A federal goal was set for the United States to reduce emissions by 17% of 2005 levels by 2020 and
AB 32, a California mandated goal, is even more stringent by reducing to 1990 levels by 2020. At
the current rate of consumption, neither the state nor federal goal will be met. Thus, it is pertinent
to change consumption patterns and carbon intensive electrical generation, like coal and petroleum,
to be substituted with natural gas and renewables. Due to the mild climate, San Marcos, California,
was chosen as a case study to determine the behavior of energy users and if this can relate to
emissions reductions.
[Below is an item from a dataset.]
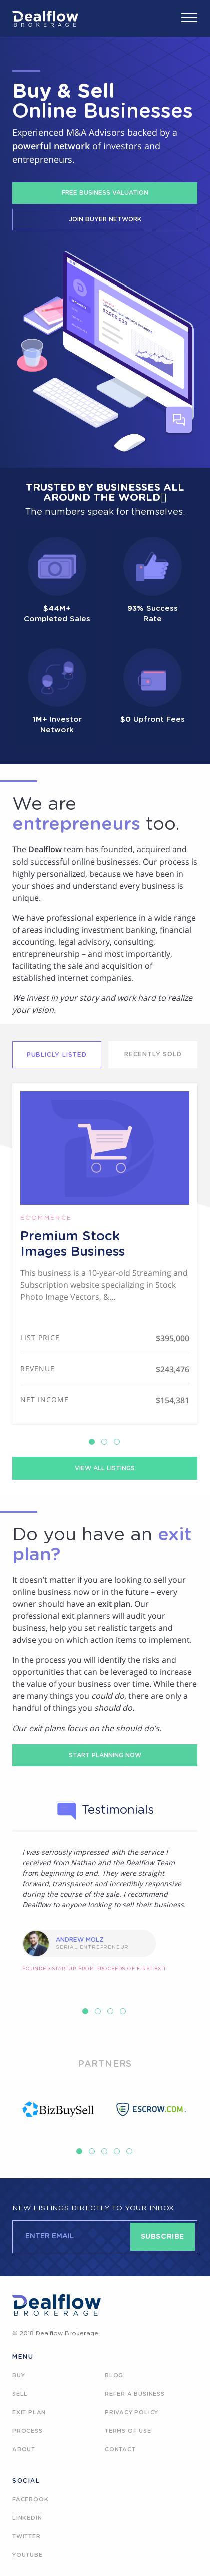 Example of Design for Finance, Investing, Mobile Landing Page by dealflowbrokerage.com | Mobile Landing Page Design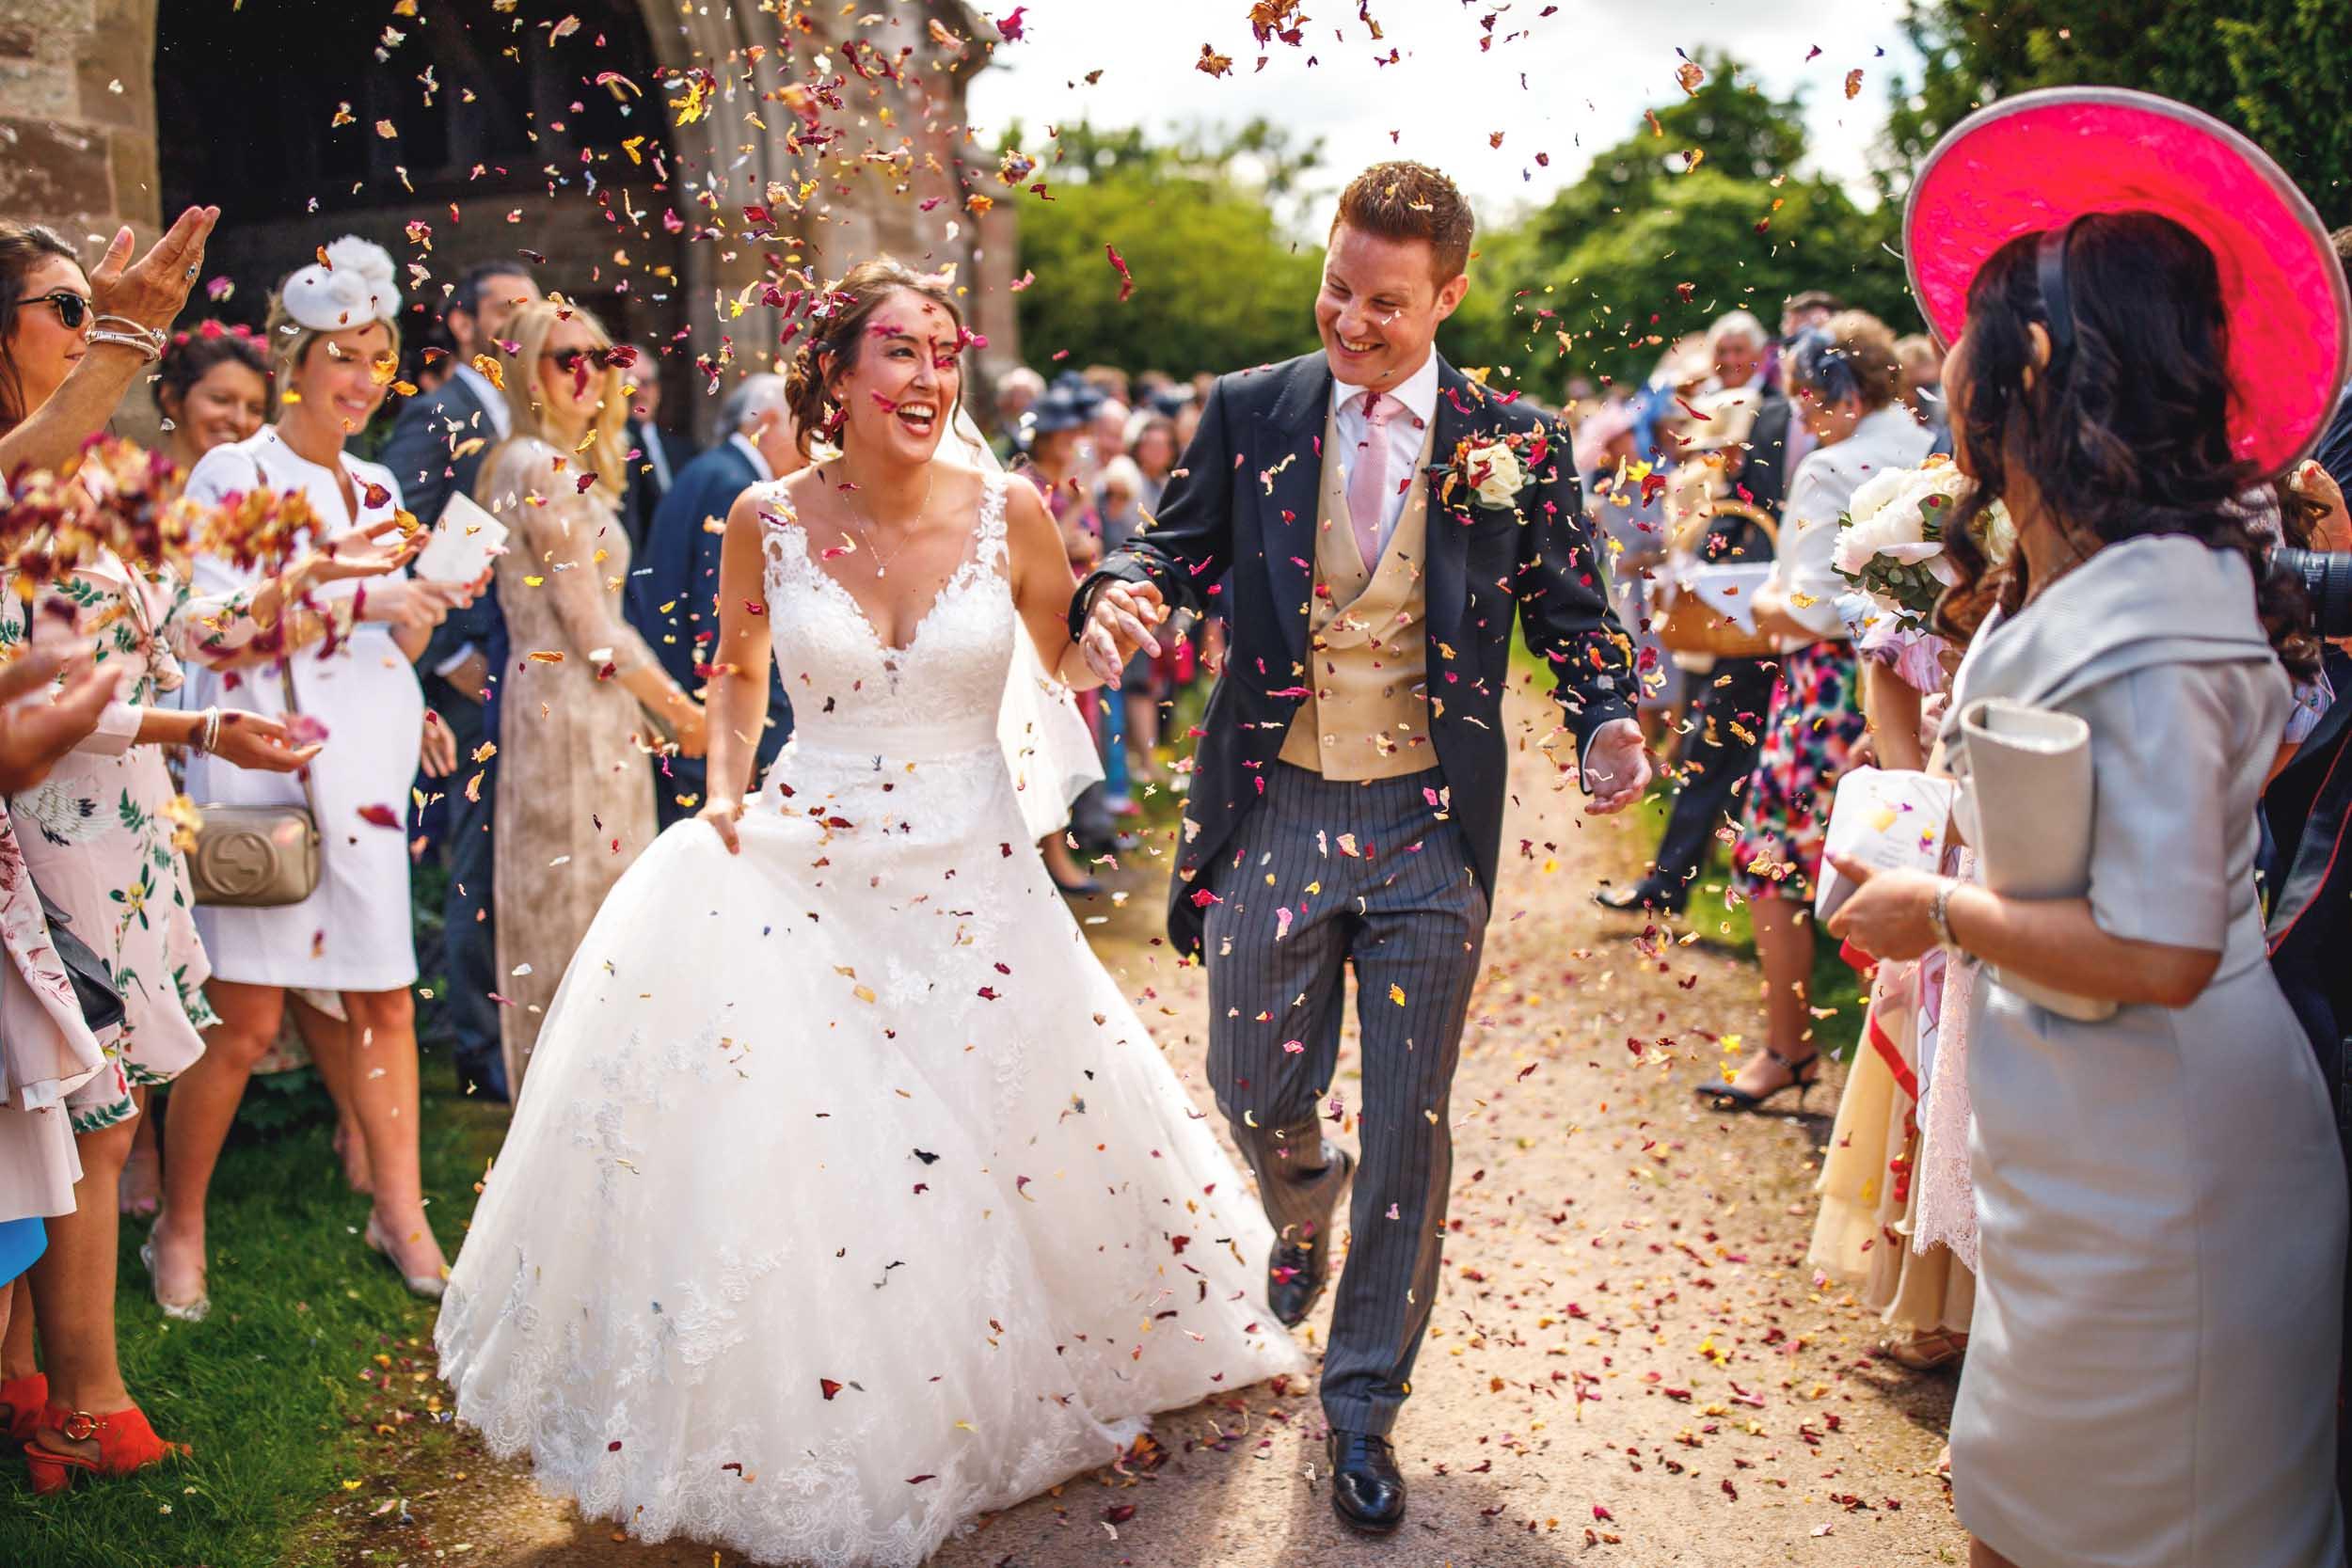 Herefordshire Wedding Photographer, Wedding Photographer in Herefordshire, Herefordshire, Wedding, Photographer, Wedding photography in herefordshire, Wedding photographers in Herefordshire

It was hypothesized that temperature and relative humidity will correlate with
electricity consumption due to the Mediterranean type climate and peak consumption will occur
over the summer season. Overall, San Marcos will use less electricity and therefore emit less carbon
dioxide than the national average.
San Marcos experiences a typical Mediterranean type climate with warmest temperatures in the
summer season and lowest over winter. On average, the city receives about 15 inches of
precipitation annually, with most of the rain occurring in the winter months. San Marcos
underwent rapid growth in the 1970’s and 1980’s and currently has a median household income of
$65,000. As of 2010, the population reached over 87,000 with a population density of about 3,500
people per square mile.
Results Discussion
Overall, temperature strongly correlated with electrical consumption, suggesting as temperature
increases, electrical consumption also increases. Summer showed the highest daily consumption patterns
and had the highest correlation to temperature. Summer’s peak hour consumption correlated strongly to
temperature, suggesting the usage of cooling devices.
Ultimately, it was found that San Marcos uses an average of 7,753 kWh annually per household
compared to the national average of 12,069 kWh. Furthermore, San Marcos emits an average of 5,350
kilograms (kg) of CO2 per household compared to 7,270 kg nationally (Fig. 7). Although the warmest
months correlate to increased energy usage, the overall climate of San Marcos is relatively mild
compared to a majority of the United States, leading to lower usage and emissions. However, because
48% of household electricity consumption is due to heating and cooling and the residential demand for
energy is on the rise, it is still important for San Marcos to alter consumption habits and switch to more
renewable sources.
Heating and cooling degree-days (HDD & CDD) are used to relate temperature to the electrical demand
for heating and cooling and are commonly applied when predicting future energy load requirements. A
temperature above 65°F assumes cooling and below assumes heating. To establish if HDD and CDD
can be used to predict energy demand in San Marcos, a regression model was run for goodness of fit. It
revealed that both HDD and CDD are significant contributors of energy use, but CDD is a greater
contributor (Table 3). The model explained 84% of the variance in energy use, suggesting a good model.
A similar model was used in a residential energy study in Spain, revealing a higher sensitivity of electrical
load to temperature in the cooling season (Valor et al. 2001). Using this model, energy companies in San
Marcos can predict future demands for the heating and cooling seasons (Fig. 8).
Methods
Hourly electricity consumption data was collected from San Diego Gas and Electric for 800 meters
from January 17th 2013 to January 15th 2014. Due to time constraints, data for 563 out of the 800
meters was analyzed. Hourly climatic data for temperature and relative humidity was collected
through an online database provided by the University of Utah. Microsoft Excel and IBM SPSS
software were used for data processing. The processing included: data organization; statistical
analyses: descriptive statistics, correlation analysis, regression analysis, histograms of household
analysis results.
Conclusion
As a result of temperature strongly correlating to electricity use, climate change will cause further
increases in electricity demand and lead to potential shortages. A study done on the future climate
and energy demand in California suggests changing the comfort level for cooling degree-day’s from
65 °F to 75 °F in order to reduce projected increases in electricity (Miller et al. 2008). In the future,
for San Marcos to reduce emissions and electrical demand, residents will need to alter their behavior
by lowering comfort level standards. During the peak hour of consumption over summer, 3/5ths of
the San Marcos community was statistically correlated to temperature, suggesting the use of
programmable thermostats. San Marcos would benefit by increasing the use of solar energy.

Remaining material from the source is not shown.